5 Dividend Stocks to Buy on Energy's Weakness

This handful of well-run companies can withstand energy price volatility and continue paying out dividends, says Morningstar's Josh Peters.

Jeremy Glaser: For Morningstar, I'm Jeremy Glaser. The prices of oil and energy shares have been under pressure recently. I'm joined today by Josh Peters. He is the editor of Morningstar DividendInvestor newsletter and also our director of equity income strategy. We're going to talk about if any opportunities have opened up.

Josh, thanks for joining me.

Josh Peters: Good to be here, Jeremy.

Glaser: Let's start with that fall in the price of crude oil. Can you talk a little bit about some of the factors that are driving that?

Peters: Well, this is really just good old-fashioned supply and demand at work. We've had a lot of supply growth for crude oil globally.
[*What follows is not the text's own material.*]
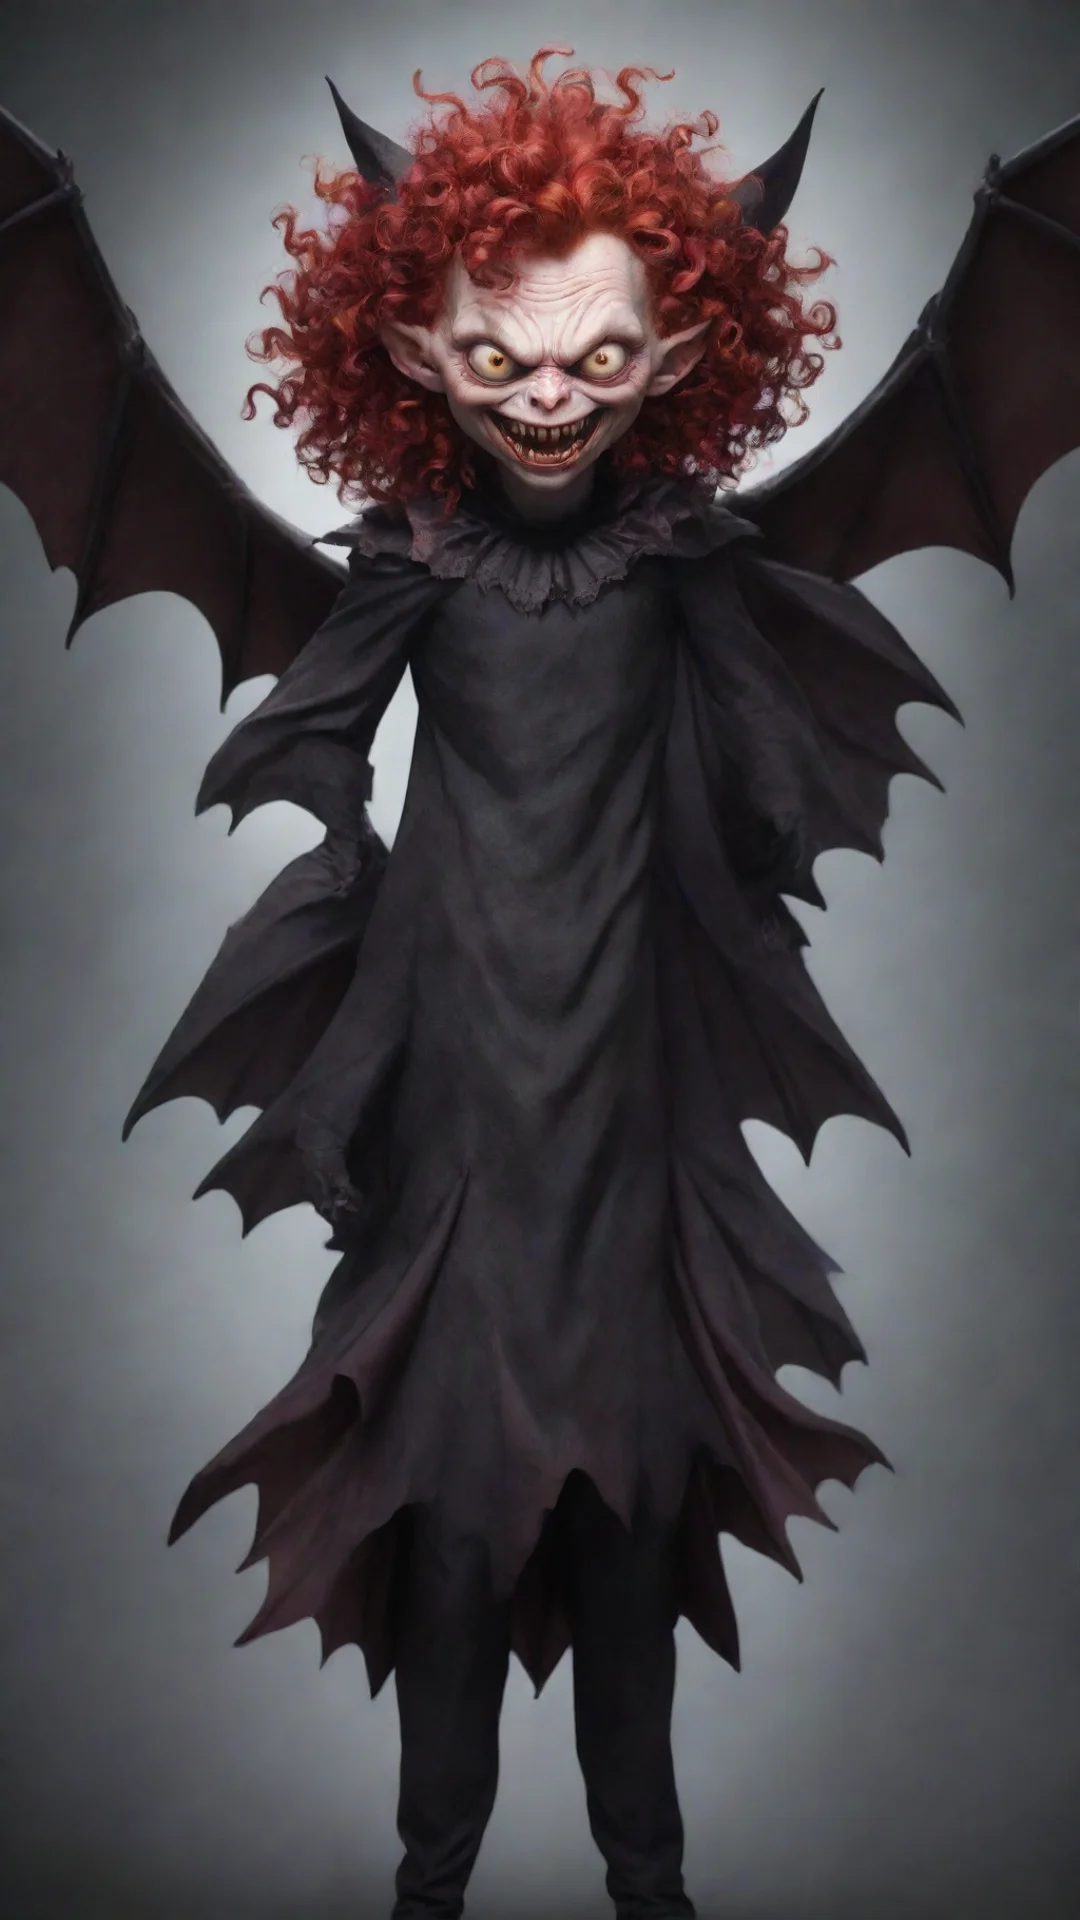 amazing a bat demon with red curly hair. awesome portrait 2 tall

Companies have been investing all over the world in countries to develop more production because of high prices over the last few years. That's what you expect high prices to do--provide that signal to produce more. We've had a lot of growth, especially here in North America. Our shale-oil boom is putting a lot of additional barrels into the global market. Now, we don't export really from the United States, but we're certainly importing a lot less. And it's a global commodity with a globally set price, so that's having an effect.
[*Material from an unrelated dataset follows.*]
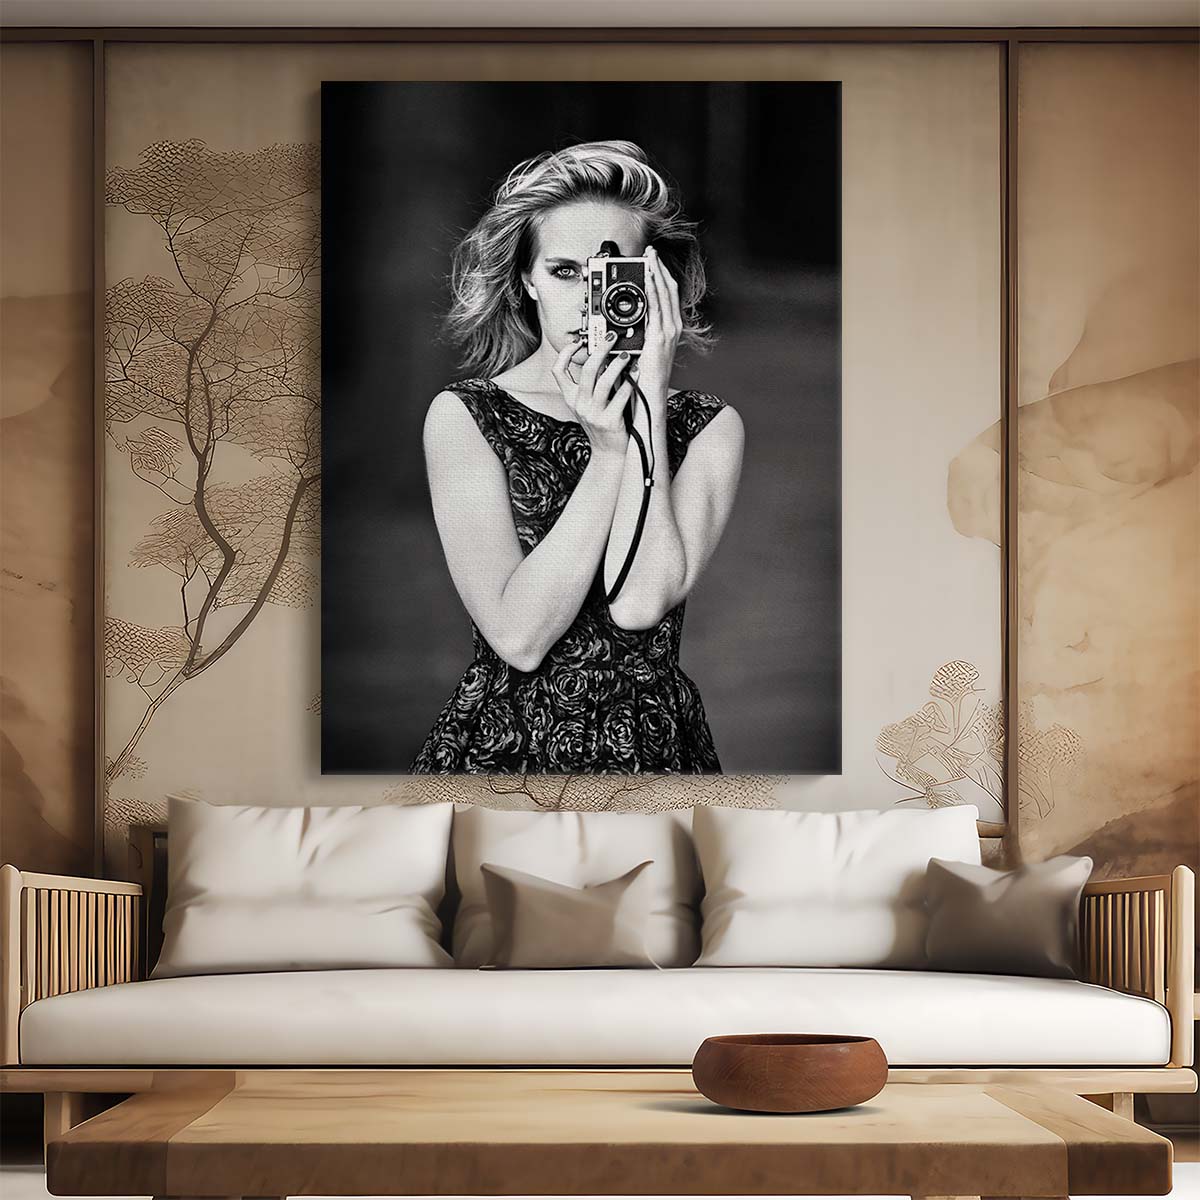 Monochrome Mood Portrait Woman with Camera in Floral Dress by Luxuriance Designs, made in USA

At the same time, the demand growth is just not there. Emerging markets have slowed a lot. Europe is just stuck in a funk. So, you're not getting a steady uptake of that incremental supply, and that means the price is coming lower.

Glaser: What impact do these lower prices have on some of the energy firms that own, then?

Peters: It depends, first, on how long it might last. If you think oil is going to go down and keep going down and then stay down, then you've got some challenging economics. But that is really not what we think of as the most likely case because oil isn't getting cheaper or easier to find. And that high cost of discovering a marginal barrel of oil and extracting it and selling it is what we think will continue to support fairly high oil prices for many years into the future.

And in that context, you look at what Saudi Arabia has done, deciding not to curtail production in order to support the price but rather letting the price fall and trying to maintain its market share, that has the effect of curtailing investment and squeezing some of the higher-cost OPEC producers so that they can't invest. And it means you might wind up actually with higher average oil prices over the long run. But in any event, it's that price over the next five, 10, 20, or 50 years that I think you have to be thinking about when you're looking at these companies.

For the big players like Chevron (CVX) and Shell (RDS.A) and Exxon (XOM), they are definitely thinking long term; they are managing their businesses to deliver and pay big dividends and grow dividends over very long periods of time. They have lived through periods of oil-price volatility before. Frankly, oil has been more volatile historically than it's been over the last couple of years. So, people maybe are unfamiliar with the idea that you can have big moves, but certainly these big grownup companies are used to that.

They were able to continue paying and even raising their dividends through the last big downturn in oil prices during the Great Recession. I think that's pretty much what you're going to see through this bump in the road here again. And with that, especially Chevron, which I think of as being a very well-run company with a good production-growth story that will start here in a year or two and extend for maybe five years or longer. To be able to pick up this stock with a yield in the mid to high 3% range, I think that's pretty attractive.